ASSIGNED TASK
Where a picture appears, leave it out, and transcribe all the lines below exactly.

MATERIAL PROVIDED
########
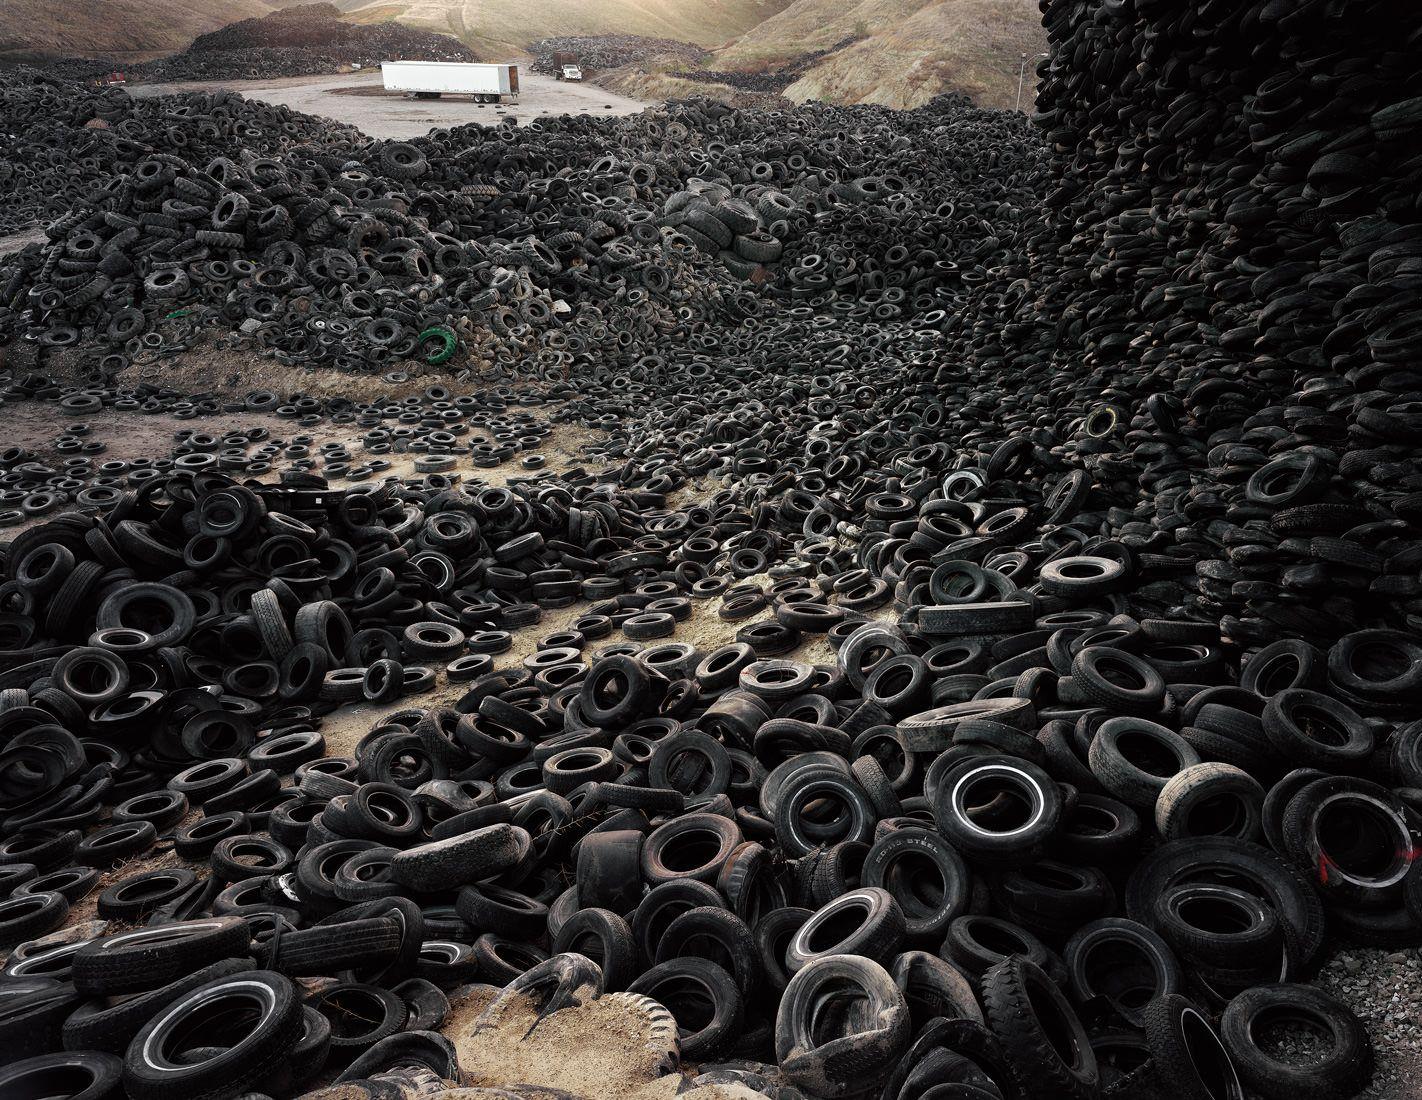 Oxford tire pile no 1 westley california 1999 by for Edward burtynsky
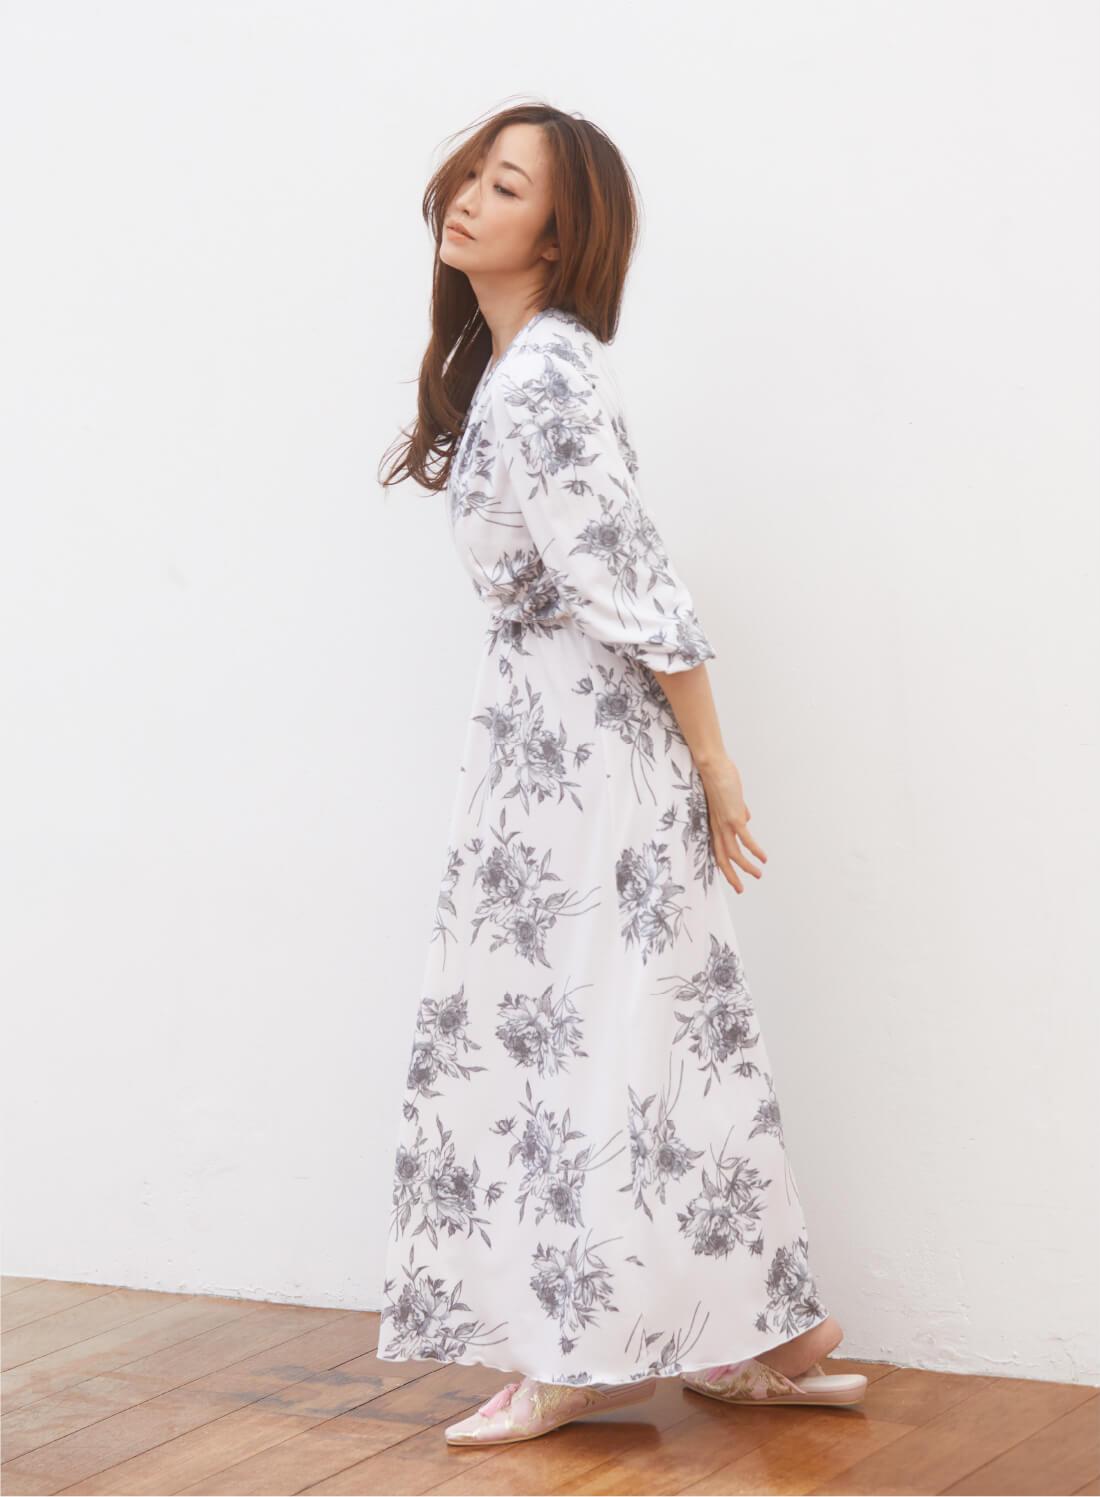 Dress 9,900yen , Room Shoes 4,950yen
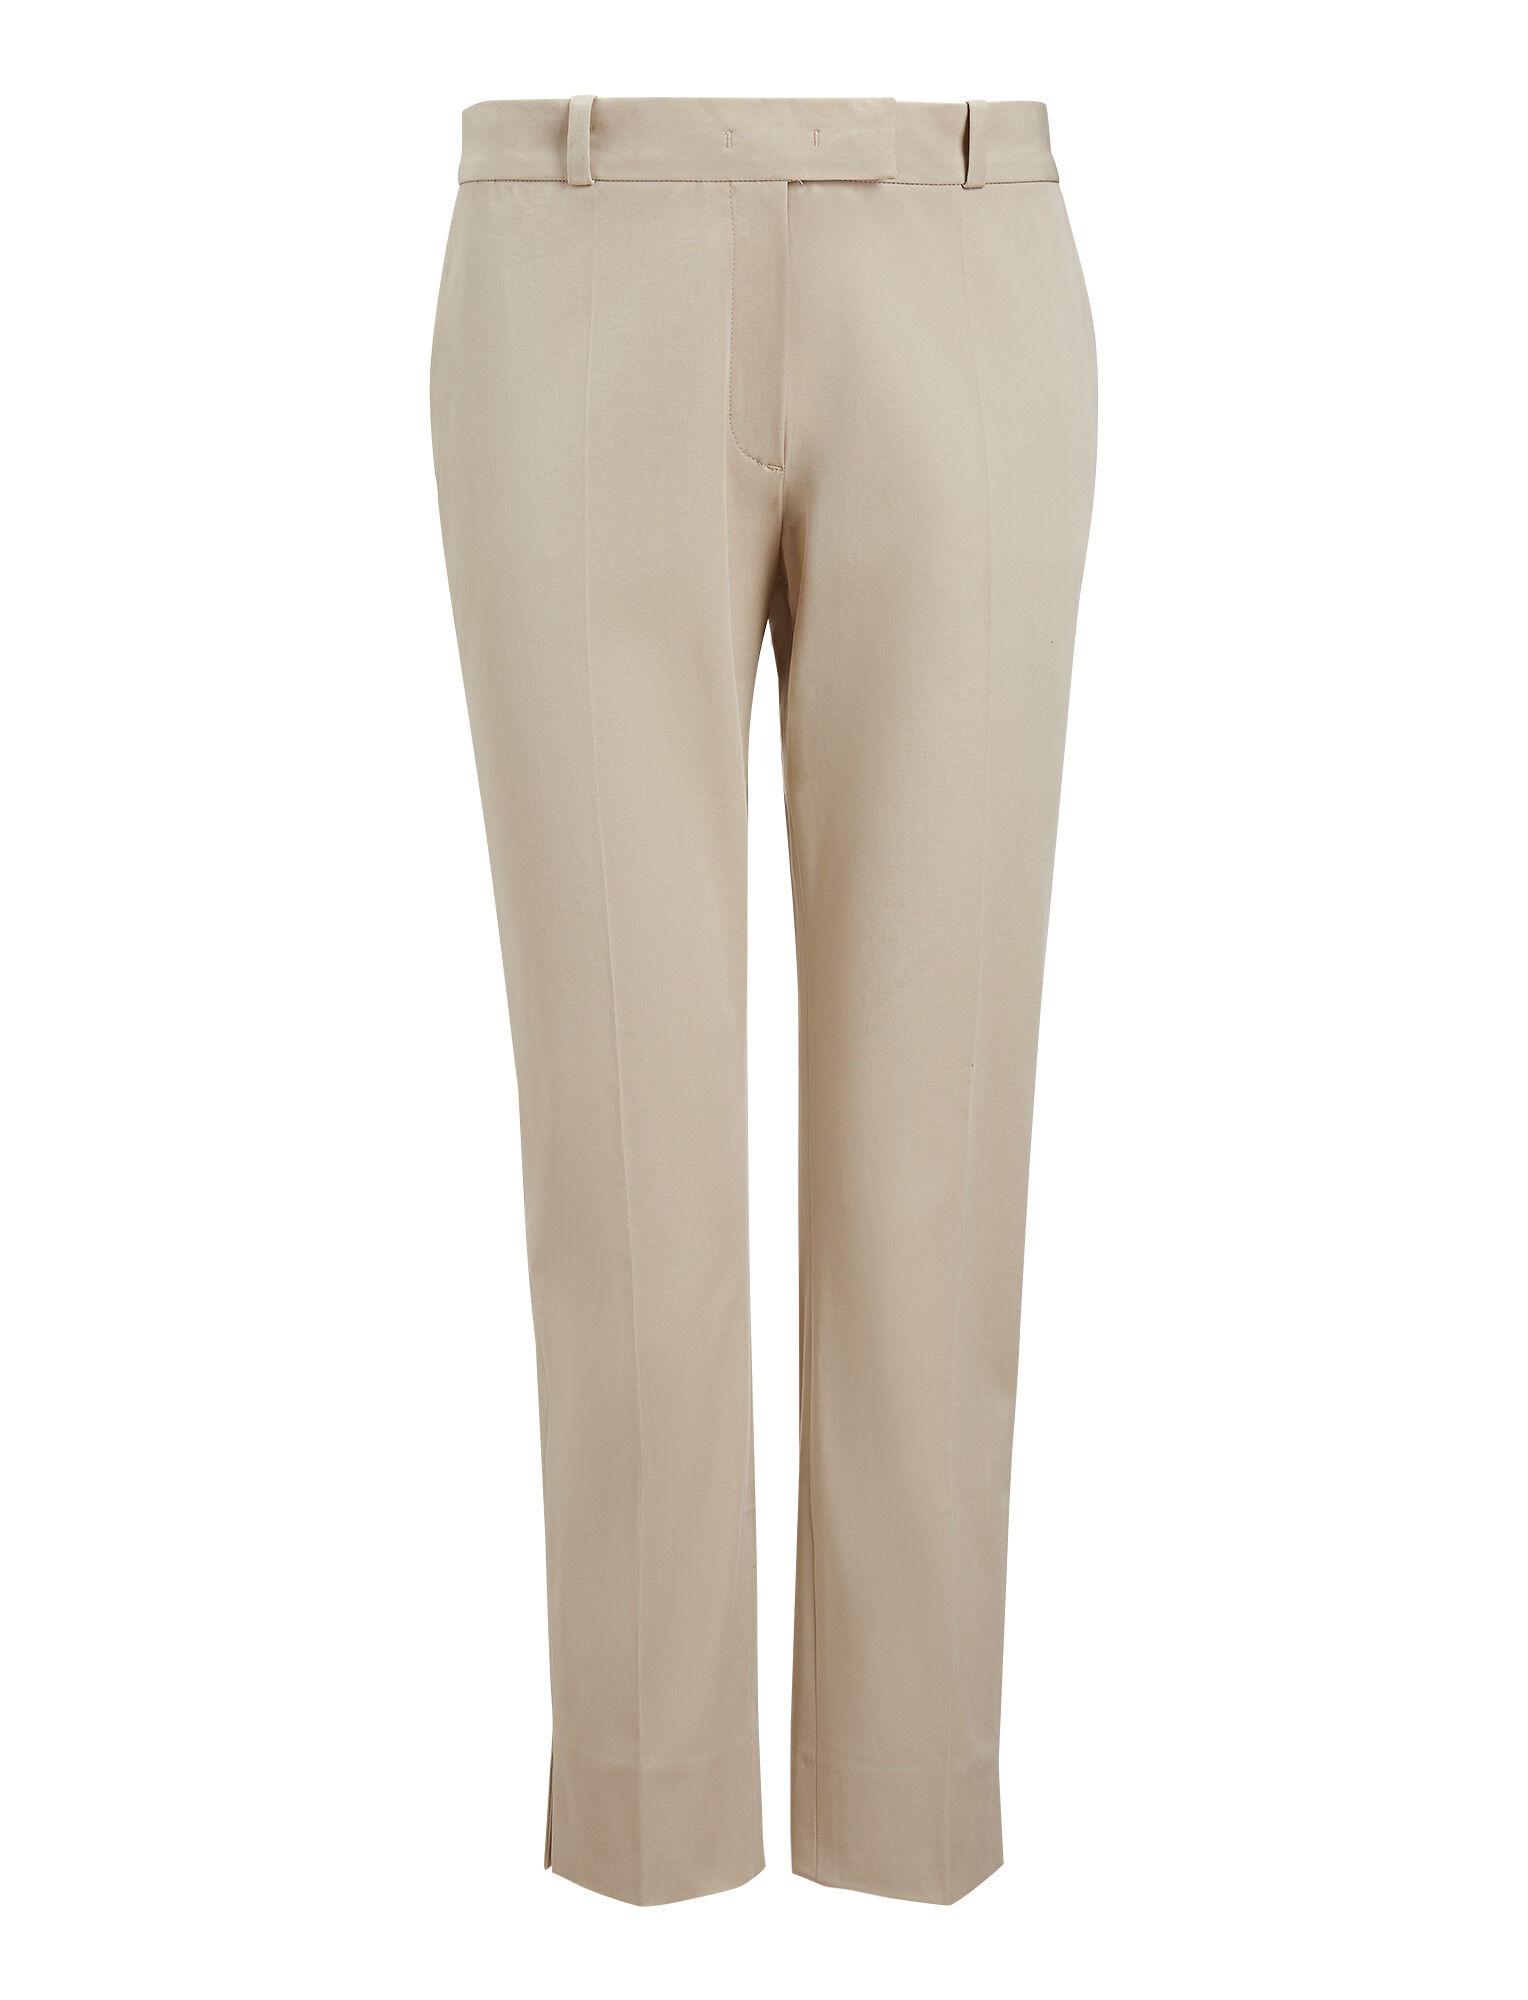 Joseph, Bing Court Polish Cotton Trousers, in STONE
########
OUTPUT OF THE TASK
 Oxford tire pile no 1 westley california 1999 by for Edward burtynsky
 Dress 9,900yen , Room Shoes 4,950yen
 Joseph, Bing Court Polish Cotton Trousers, in STONE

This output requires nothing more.